We check out historic commit X directly, then attach a new branch name to it—a bit hard to draw the way I've been drawing graphs. Here's an attempt:

                     o--...--A   <-- release-1
                    /
                   /  o--...--B   <-- release-2
                  /  /
...--o--o--X--o--:--:--...--C   <-- release-3
            .     \  \
             .     \  o--...--D   <-- release-4
              .     \
               .     o--...--E   <-- release-5
                .
                 . <-- fix-bug-where-it-cropped-up

Now, at this point, we make our fix commit(s):

                     o--...--A   <-- release-1
                    /
                   /  o--...--B   <-- release-2
                  /  /
...--o--o--X--o--:--:--...--C   <-- release-3
            .     \  \
             .     \  o--...--D   <-- release-4
              .     \
               .     o--...--E   <-- release-5
                .
                 .--F1--F2--F3--F4 <-- fix-bug-where-it-cropped-up

The tip of this branch—commit F4 at this point—can now be merged back into each existing release or development branch. Each merge generates a new merge commit, so we end up with more total commits than with the super-simple case for which cherry-picking is fine. But these commits actually record the merges. Here's the one that goes into release-5:

                     o--...--A   <-- release-1
                    /
                   /  o--...--B   <-- release-2
                  /  /
...--o--o--X--o--:--:--...--C   <-- release-3
            .     \  \
             .     \  o--...--D   <-- release-4
              .     \
               .     o--...--E-----M5   <-- release-5
                .                 /
                 .--F1--F2--F3--F4 <-- fix-bug-where-it-cropped-up

(I won't attempt to draw the other merges as the graph rapidly becomes very messy.) Should we discover, later, that the F1-F2-F3-F4 chain of commits is inadequate or incorrect, we can add more commits F5 etc to repair them, and then re-do each merge.

This isn't a panacea, by any means, but it's better than the cherry-pick method because it pins the fix to the bug and leaves traces in the Git commit graph.
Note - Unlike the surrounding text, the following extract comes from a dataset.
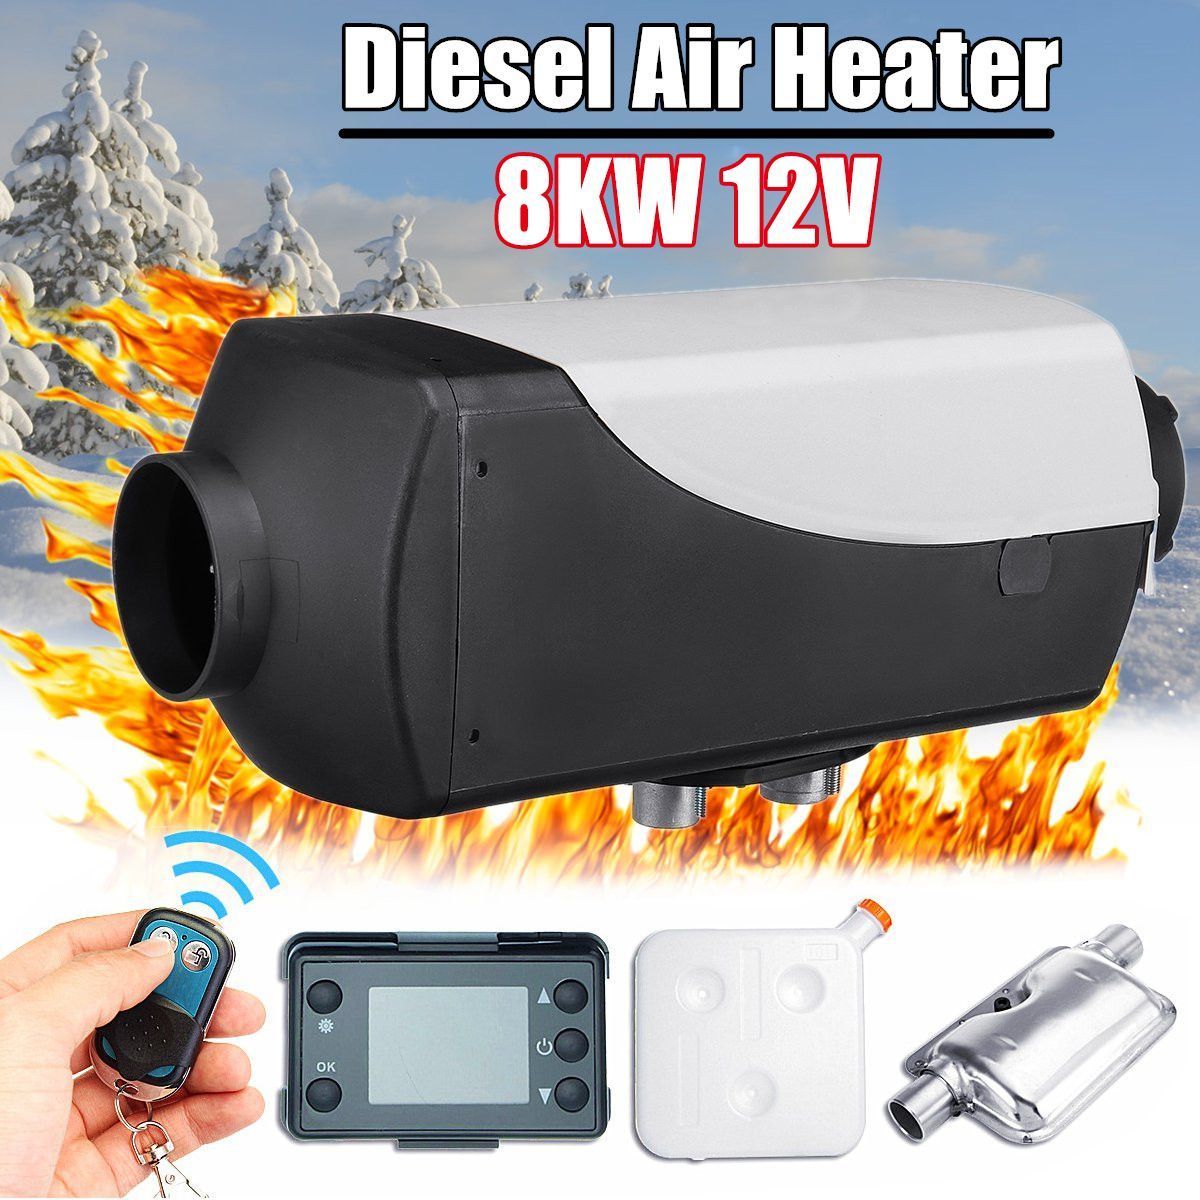 8KW-Remote-Control-12V-LCD-Silencer-Parking-Heater-Air-Parking-Heating-Machinie-Diesel-Air-Heater-Ki-1461635

The Git commit graph is the history of the project, so these traces show that this was an important fix, brought back into multiple releases. Note that the graph itself is rather crude and mechanical, so it's important to include good commit messages. The ones that git merge makes by default are not great, but do have the advantage of being predictably formed, and hence mechanically-search-able.

¹There are other conditions that apply as well: having a VCS is necessary, but not sufficient.